On the basis of the Bayesian decision theory, an ideal classifier makes a final decision by calculating the expected risk of each sample classification and predicts the label that achieves the minimum expected risk:

\underset{p}{\arg \min} R (p | x) = \underset{p}{\arg \min} E [ϒ]

(4)

For a sample

x^{(i)}

and its corresponding label

y^{(i)}

, the empirical risk can be expressed as:

{\overset{\land}{R}}_{l} = E [l] = l (y^{(i)}, \overset{\land}{y^{(i)}}, ϒ)

(5)

where

l (\cdot)

represents a loss function, such as mean square error (MSE) or the cross-entropy loss function, and N is the total number of data samples.

As described in Section 3, the goal of cost-sensitive learning is to minimize the overall cost of the training dataset (e.g., the Bayesian conditional risk). The misclassification cost can be regarded as a penalty factor introduced during the classifier training process (or in some cases in the forecasting step) to improve the importance of classes that are difficult to classify (such as the spam class). By imposing larger penalties for errors on a given class, we force the classifier training process (intended to minimize overall cost) to focus on instances from the given distribution.

In this study, we use cost-sensitive modified cross entropy as the loss function during classifier training.

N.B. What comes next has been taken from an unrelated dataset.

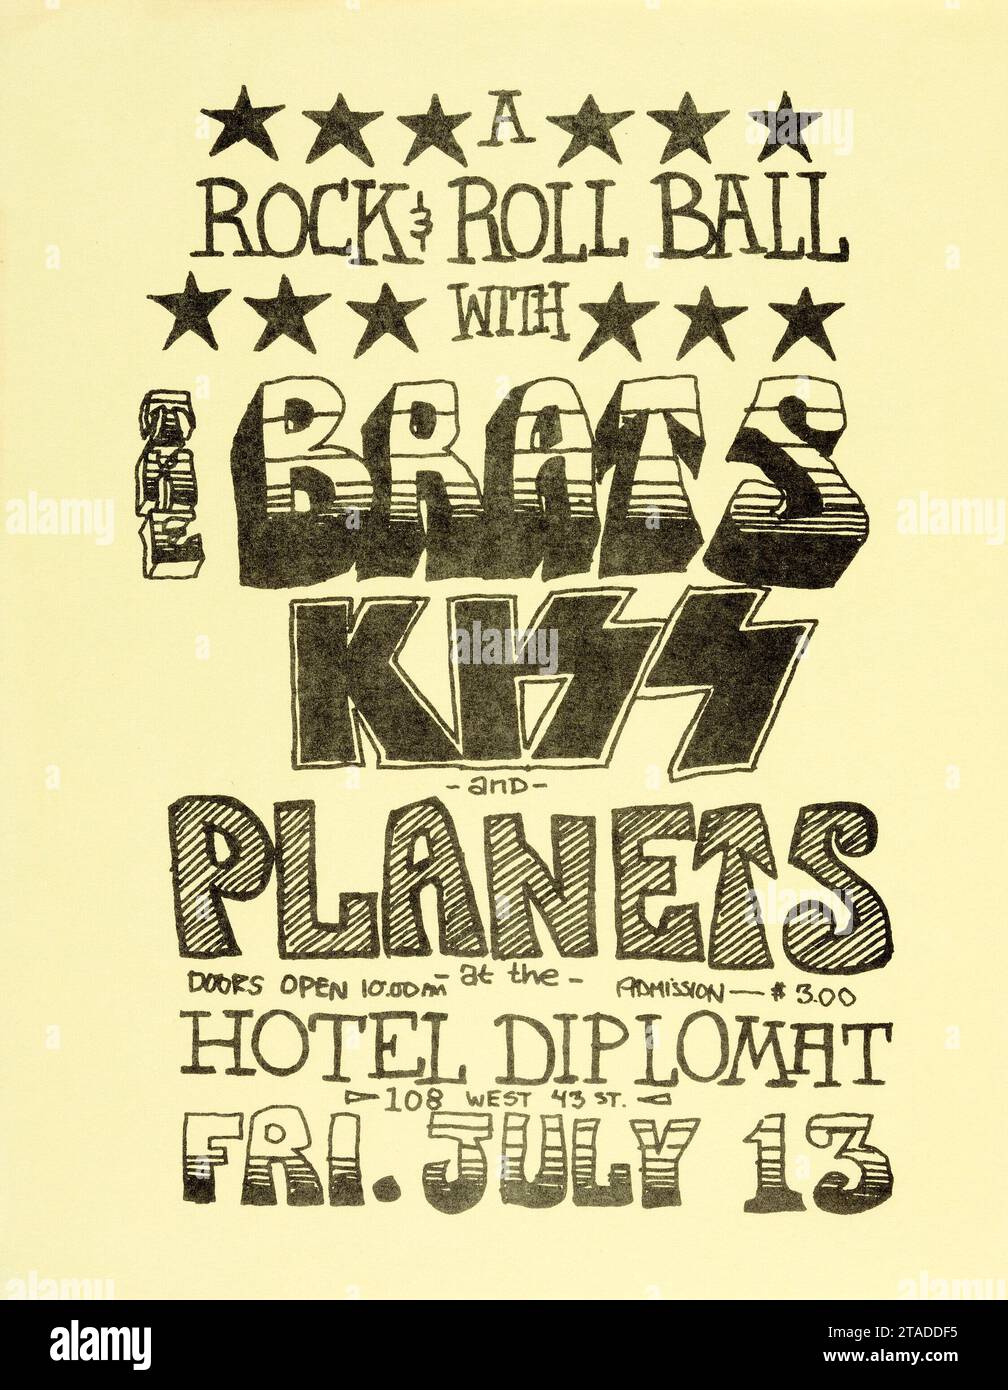 Concert flyer - KISS - Early Handbill Opening for The Brats in New York City 1973. Stock Photo

This paper mainly focuses on spam detection, and therefore we pay more attention to the spam class than to the non-spam class. Thus,

ϒ (p, q)

should be larger than

ϒ (q, p)

, forcing the error classification cost for spam samples to be higher. The overall error of the cost-sensitive DNN can be formulized as follows:

l o s s = - \frac{1}{N} \sum_{n = 1}^{N} [y_{n} * \log (P (y = j | x, θ) * ϒ (p, q)) + (1 - y_{n}) * \log (1 - P (y = j | x, θ) * ϒ (q, p))]

(6)

The backpropagation algorithm is the most common method for optimizing the DNN parameters and is essentially a gradient descent function. We optimize the loss minimization and parameters through backpropagation using the minibatch stochastic gradient descent method. Jiang et al. [46] reported that introducing costs into cross-entropy (CE) losses affects the output but does not change the gradient formulas.

4. Experiments

This paper focuses mainly on the performance of heterogeneous stacking-based ensemble learning methods in imbalanced data problems of spam detection on social networks. For comparison purposes, we perform extensive experiments on a real dataset and conduct performance comparisons between other algorithms used in social network spam detection and our proposed algorithm. Therefore, in this section, we first describe the dataset in detail. Section 4.2 describes the metrics used to assess the results, and we report the experimental design in Section 4.3. Section 4.4 provides a discussion of the experimental results.

4.1. Experimental Dataset

These experiments were conducted using the dataset collected by Chen et al. [47], which contains 600 million tweets of which 6.5 million are malicious tweets. This dataset was made available to other researchers studying spam detection. In the dataset, tweets containing malicious URLs were defined as twitter spam.

Each tweet in the dataset is represented as a feature vector that contains user-based features and tweet-based features. The 12 lightweight statistical features that can be extracted directly from tweets are shown in Table 2. Among them, the first six features are user-based features, and the remainder are tweet-based features.

4.2. Evaluation Metrics

The most common metrics used to measure classification performances are accuracy, precision, recall, and the F1-score. In class imbalance problems, because the accuracy rate does not reflect the overall situation, we employ the true positive rate (TPR), false positive rate (FPR), precision, F1-score, and G-mean to measure the performance of the proposed spam detection method. We apply a confusion matrix to calculate these indicators.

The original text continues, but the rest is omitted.